10. Your Rights and Choices
Regardless of where you live, you have the following rights through Toasty:
- Access: see what we have about you (request via [email protected])
- Delete: delete your account and associated data from within the app (Settings → Account → Delete Account) — this permanently removes your data within 30 days
- Correct: correct profile information from Settings → Account
- Stop notifications: disable push notifications from Settings → Notifications (or from the iOS Settings app)
- Cancel subscription: manage and cancel your subscription from the iOS App Store subscription settings
If you are in the EU/UK (GDPR) or California (CCPA), you have additional rights including:
- Data portability (request a copy of your data in a structured format)
- Restriction of processing
- Objection to certain processing
- Lodging a complaint with your local data protection authority
To exercise additional rights, email [email protected] with the subject “Privacy Rights Request” and we will respond within 30 days.
11. California Residents (CCPA)
If you are a California resident, the California Consumer Privacy Act (“CCPA”) provides you specific rights regarding your personal information. We:
- Do not sell your personal information (we have not done so in the preceding 12 months and have no plans to)
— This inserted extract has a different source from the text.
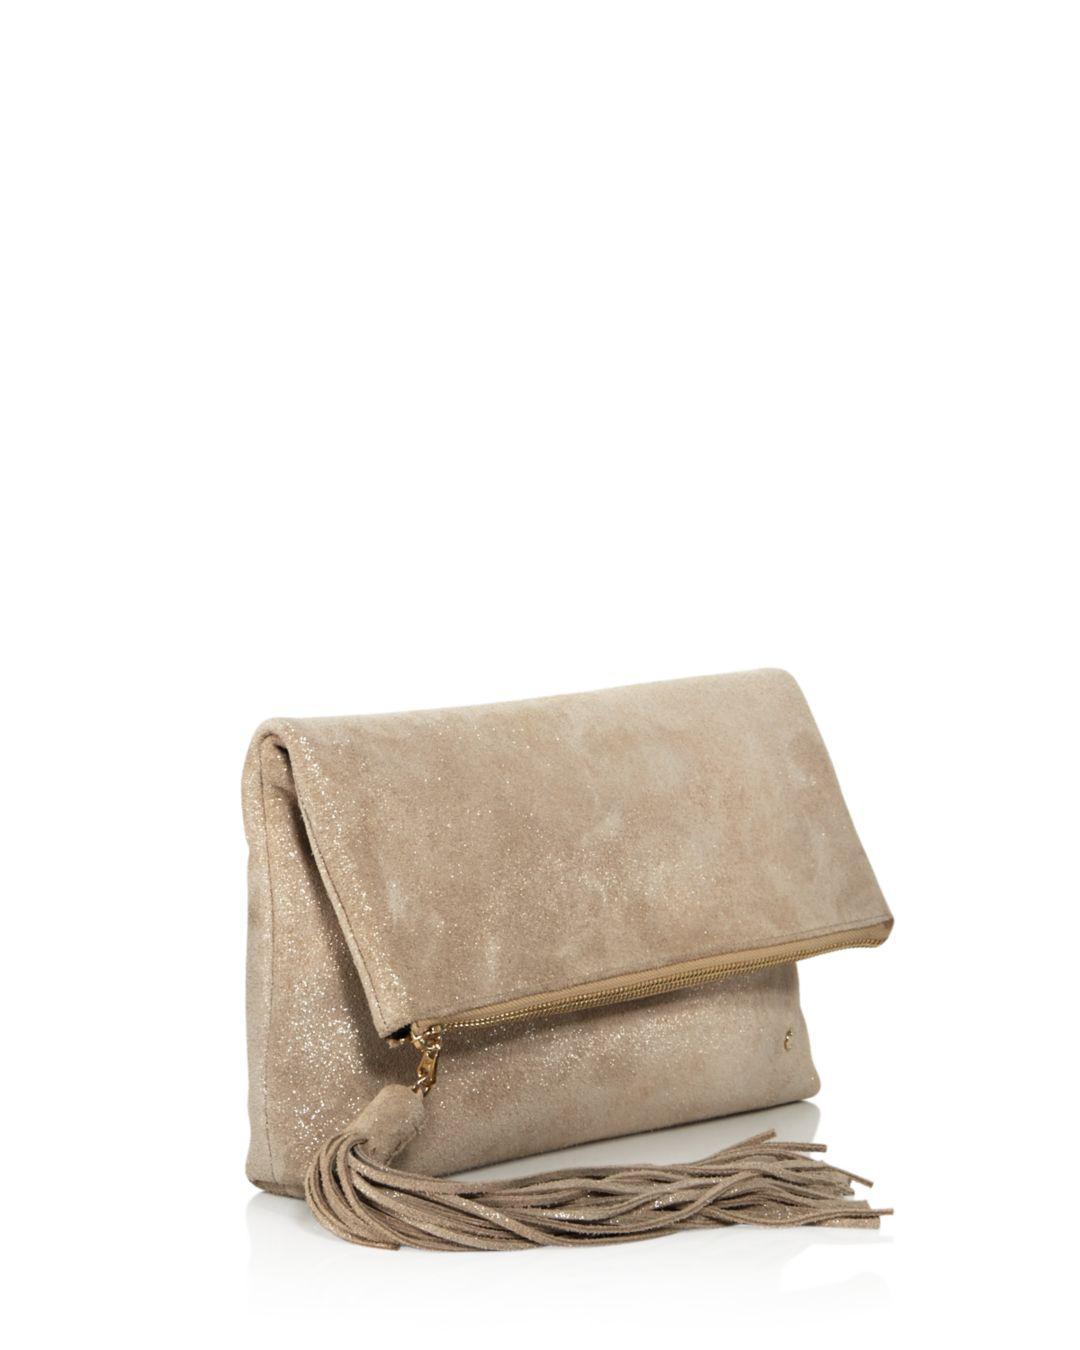 b410d240d Halston Christie Leather Foldover Clutch in Metallic - Lyst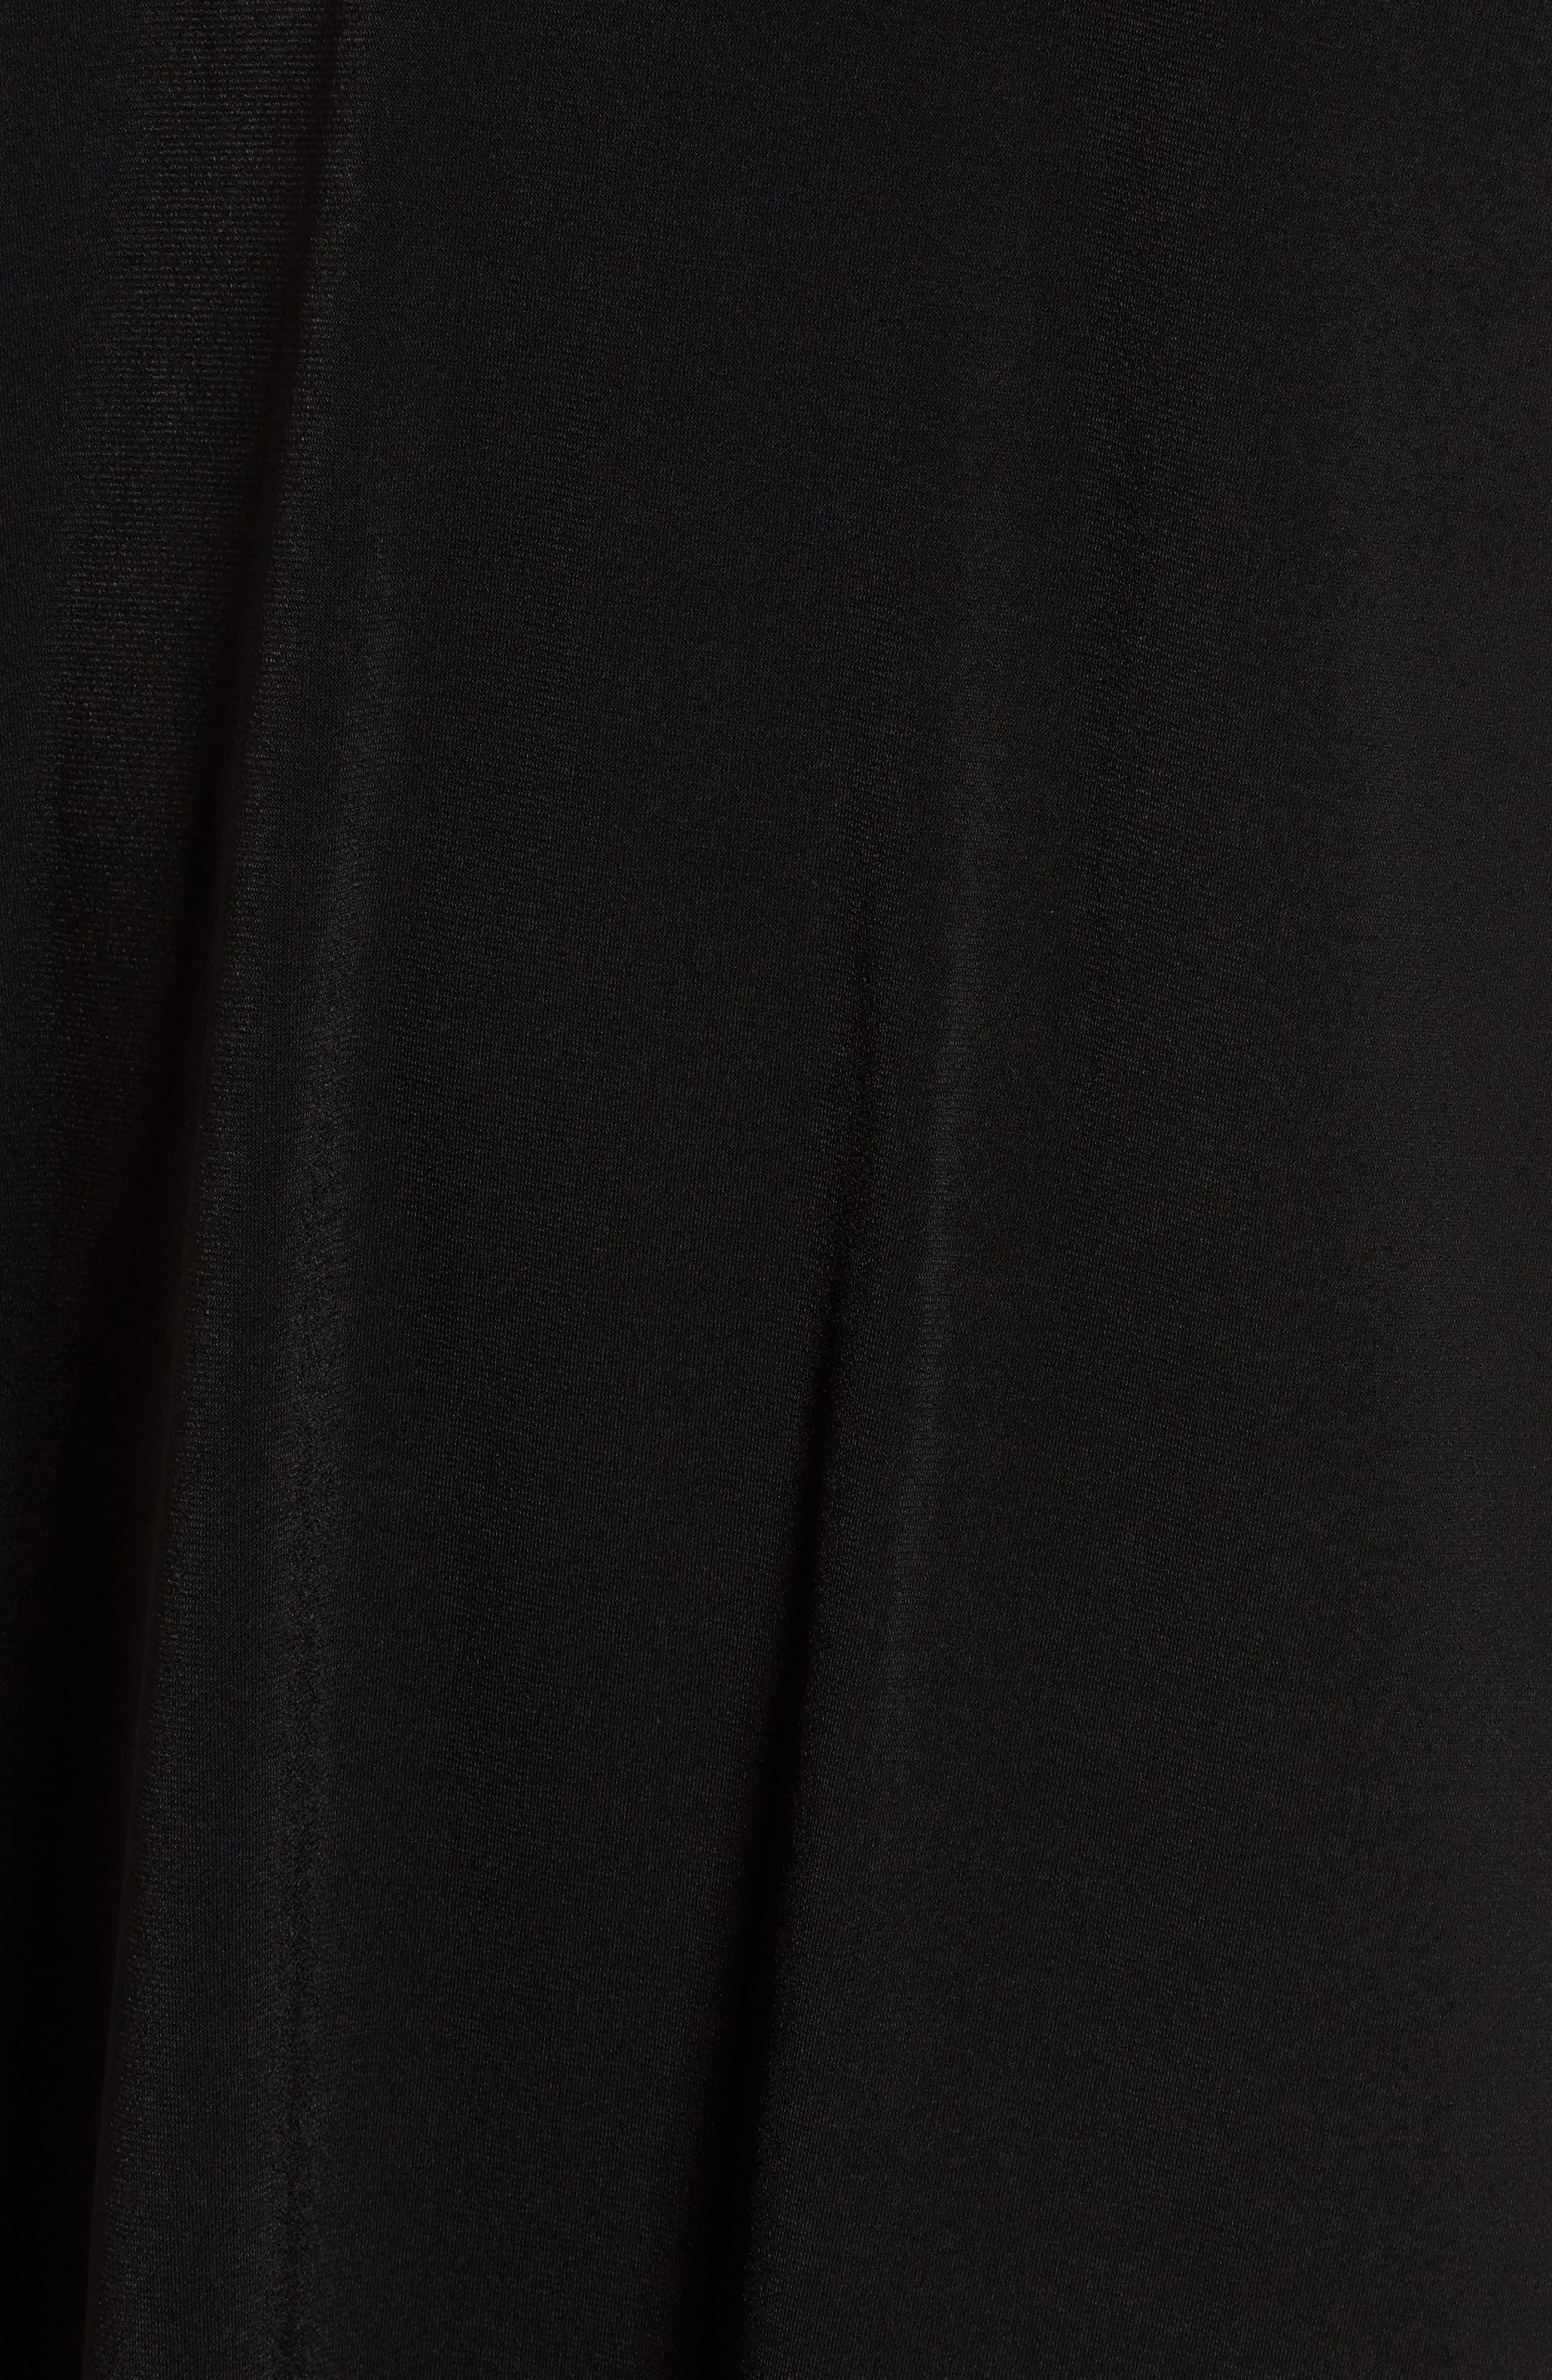 V-Neck A-Line Dress,                             Alternate thumbnail 13, color,

- Do not share your personal information for cross-context behavioral advertising
- Respect the Global Privacy Control (GPC) signal
You may exercise your CCPA rights by emailing [email protected].
12. Security
We use industry-standard measures to protect your information:
- HTTPS encryption for all data in transit
- Encryption at rest for sensitive data via our infrastructure providers
- Authentication via Apple and Google (we never see your password)
- Regular dependency updates and security review of code changes
- Access controls limiting which team members can see what data
No system is perfectly secure. If we discover a breach that materially affects you, we will notify you promptly as required by applicable law.
13. Cookies and Tracking Technologies
The Toasty mobile app does not use cookies. We use device identifiers (Apple’s IDFV) and pseudonymous analytics identifiers to track usage in aggregate. We do not use cross-app tracking and respect Apple’s App Tracking Transparency framework.
The Toasty marketing website may use cookies; see the cookie notice on the website when you visit it.
14. Changes to This Policy
We may update this Privacy Policy from time to time. When we make material changes, we will:
- Update the “Last Updated” date at the top
- Notify you within the app or via email at least 14 days before the change takes effect
- Maintain the prior version available on request
Your continued use of Toasty after the changes take effect indicates your acceptance of the updated policy.
15. Contact
Privacy questions, requests, or concerns:
Email: [email protected]
For data protection inquiries from EU/UK users, you may also contact your local data protection authority.
This Privacy Policy was drafted on 2026-05-23. We aim to keep it readable and current. If you spot something confusing or wrong, please tell us.